Alternatively/Additionally, said claims recite the naturally-occurring correlation between elevated octanal, nonanal, and heptanal levels in breath of pediatric subjects and/or the cumulative abundance of octanal, nonanal, heptanal, decane, 2-penthyl furan, tridecane (or of octanal, nonanal, heptanal, decane, 2-penthyl furan, tridecane and at least one or all of the remaining markers recited in Table 1A) in breath of pediatric subjects and a SARS-CoV-2 infection comparable to concepts identified by the courts as laws of nature or natural phenomena (see MPEP 2106.04(b)(I)). Accordingly, the claim alternatively/additionally recites a law of nature or natural phenomenon.

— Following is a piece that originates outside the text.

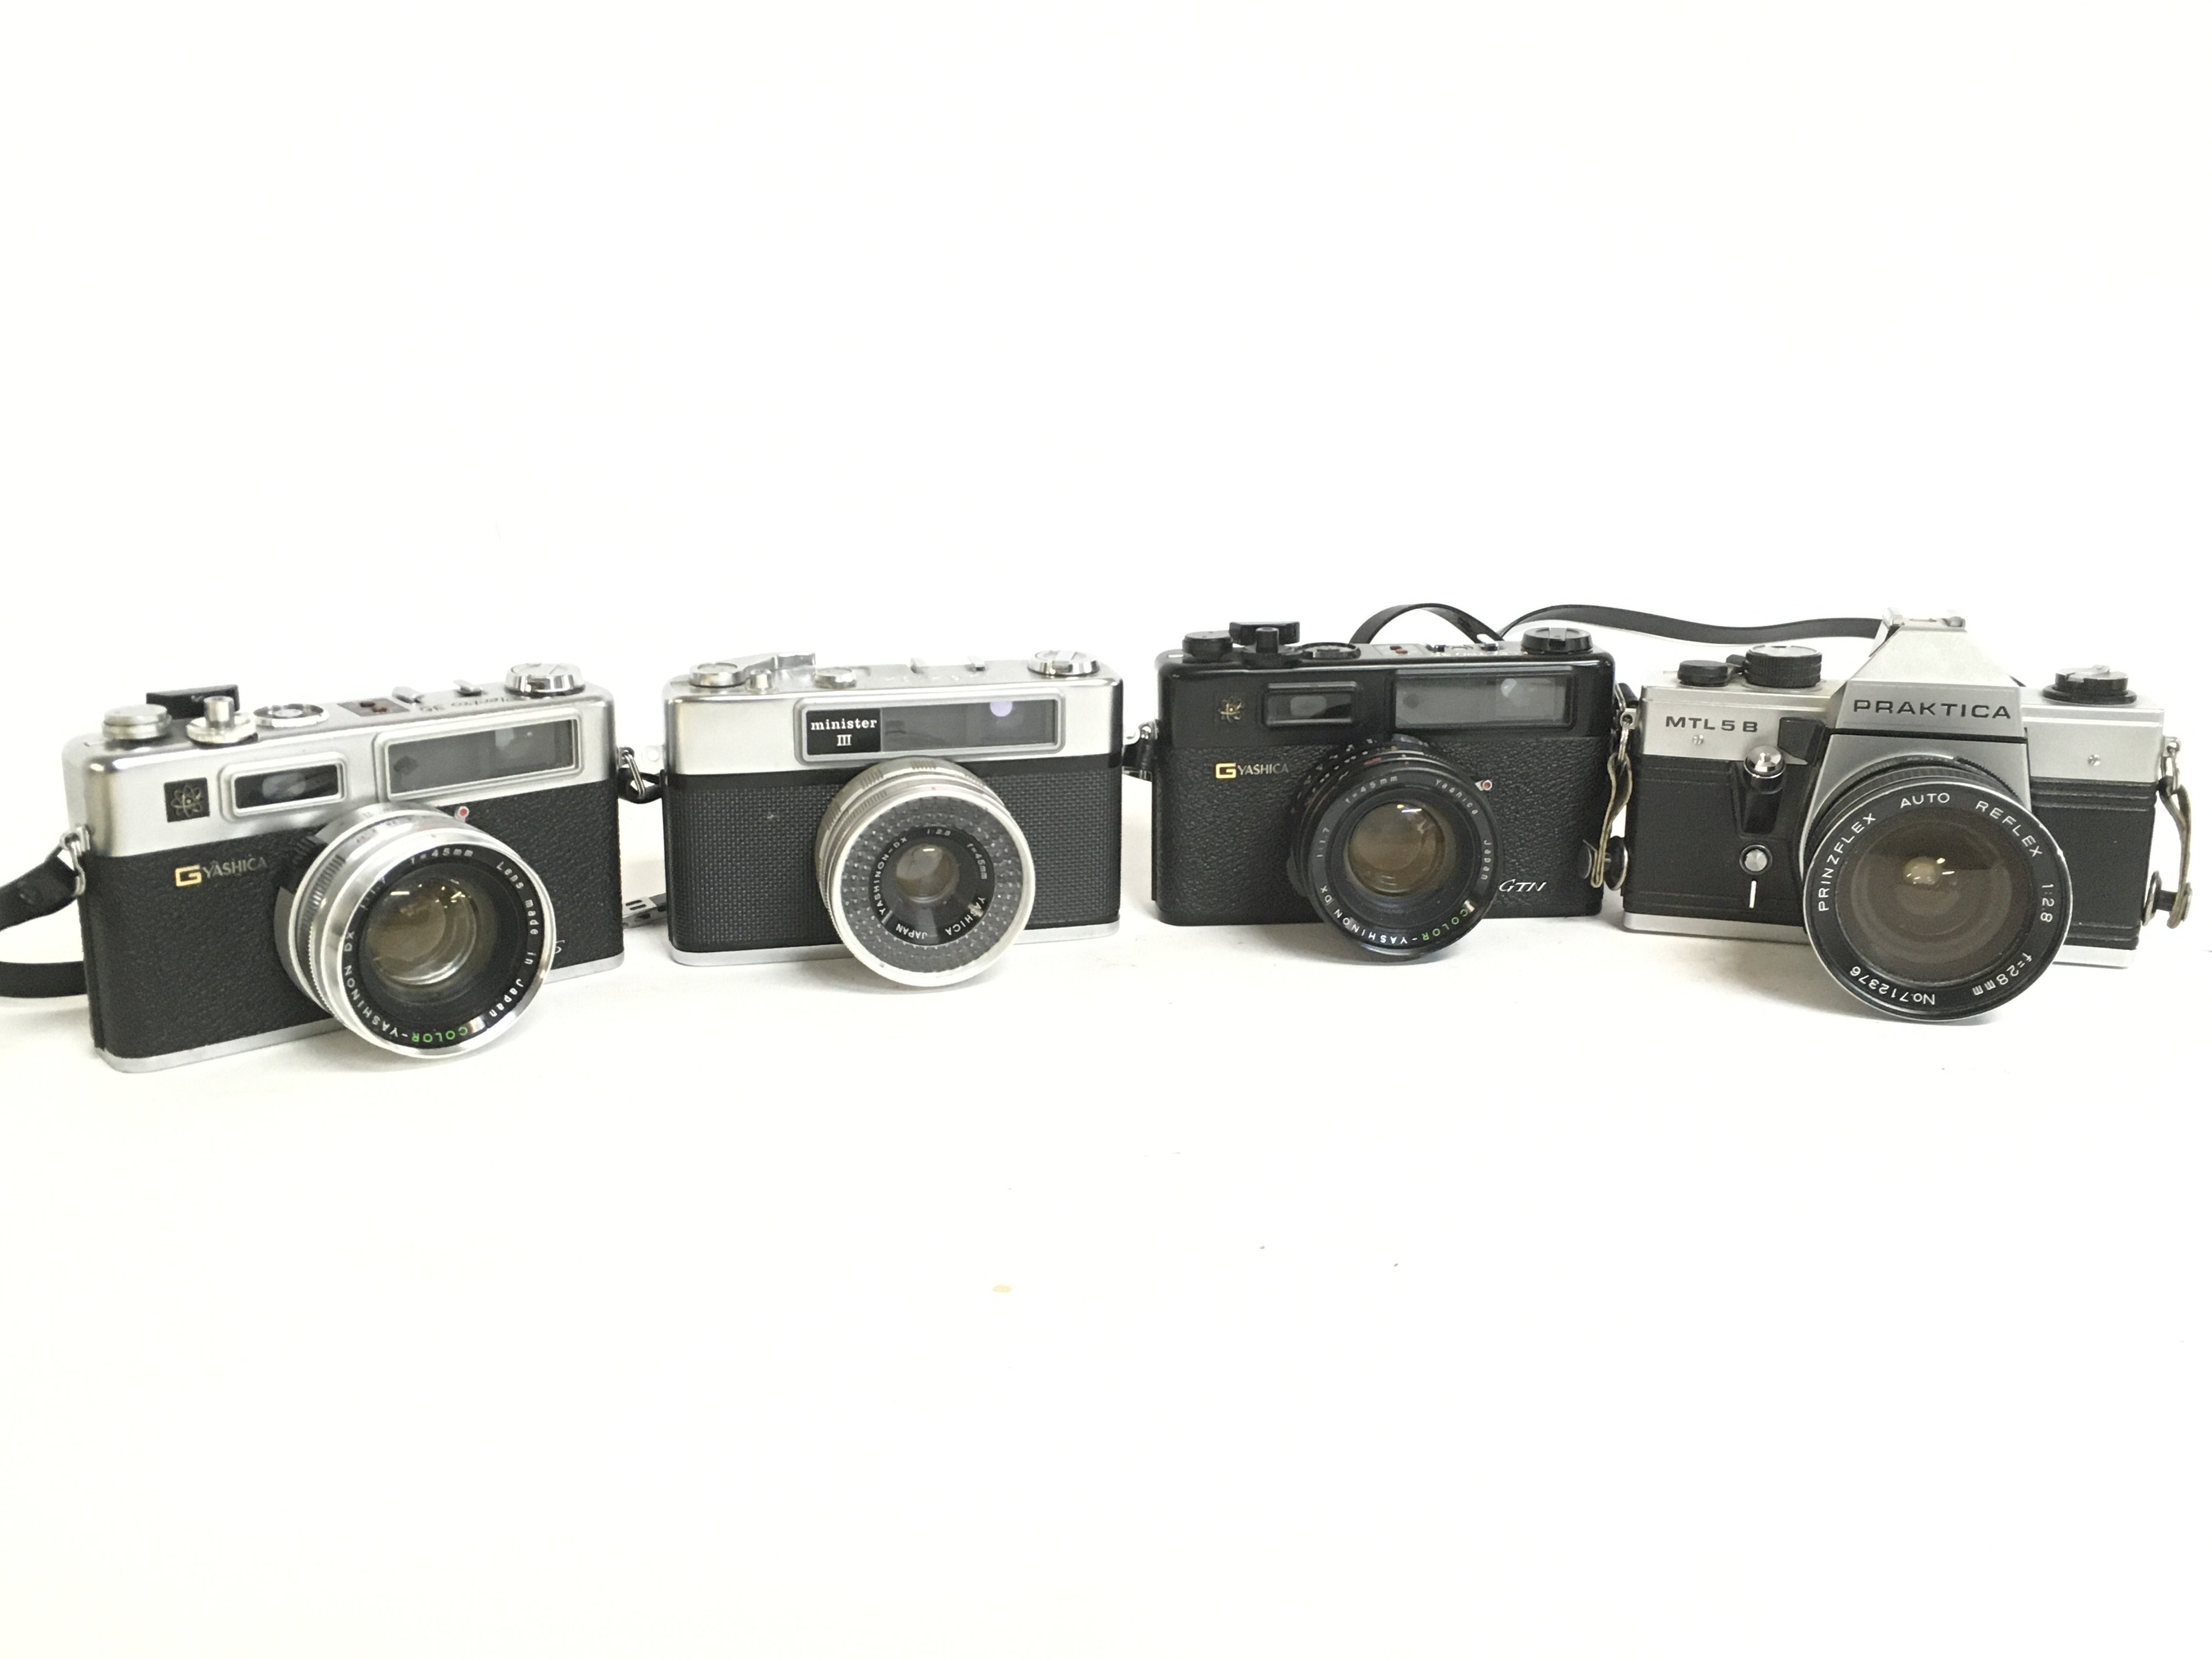 Vintage cameras including a Minister III, Praktica

The additional elements of the claims include analyzing/assessing levels/concentrations of the above-noted VOCs by use of any one of a plurality of analytical techniques (e.g., GC-MS, PTR-MS, etc.) and/or a hand-held breathalyzer device; a step of condensing or concentrating the sample before said analysis; and a step of administering a pharmaceutical composition comprising a therapeutically effective amount of at least one or a plurality of compound(s) effective against a SARS-CoV-2 infection to the subject. At least the steps of analyzing/assessing levels or concentrations of the above-noted VOCs by use of any one of a plurality of analytical techniques (e.g., GC-MS, PTR-MS, etc.) and/or a hand-held breathalyzer device and condensing or concentrating the sample before said analysis are data gathering steps used to acquire data necessary for performing the abstract idea or relevant to the law of nature (i.e., levels/concentration of the recited VOCs), and are therefore extra-solution activity (see MPEP 2106.05(g), particularly comparable limitations identified in In re Grams and Mayo as insignificant extra-solution activity).
The step of administering the pharmaceutical composition to the subject does not apply or use the recited judicial exception to effect a particular treatment or prophylaxis for a disease or medical condition. First, the treatment is not particular, but encompasses any one of multiple therapies, or combination of therapies, suitable for SARS-CoV-2 infections. Secondly, there is no indication in the claim that the treatment is administered based on a diagnosis made based on elevated octanal, nonanal, and heptanal levels or the calculated cumulative abundance. Rather, as there is no indication as to when, and/or in response to what, the composition is administered, the claim appears to encompass the administering step being merely part of the data gathering (i.e., a composition is administered and a breath sample acquired after said administration, e.g., to monitor treatment efficacy, etc.). Accordingly, the steps of administering the pharmaceutical composition merely indicates a field of use in which to apply a judicial exception (see MPEP 2106.05(h), particularly comparable limitations identified in Mayo as merely indicating a field of use or technological environment in which to apply a judicial exception) and/or an additional data gathering step. Therefore, the additional elements do not integrate the abstract idea and/or law of nature into a practical application because they do not impose any meaningful limits on practicing the abstract idea and/or law of nature. Accordingly, said claims are directed to an abstract idea and/or law of nature.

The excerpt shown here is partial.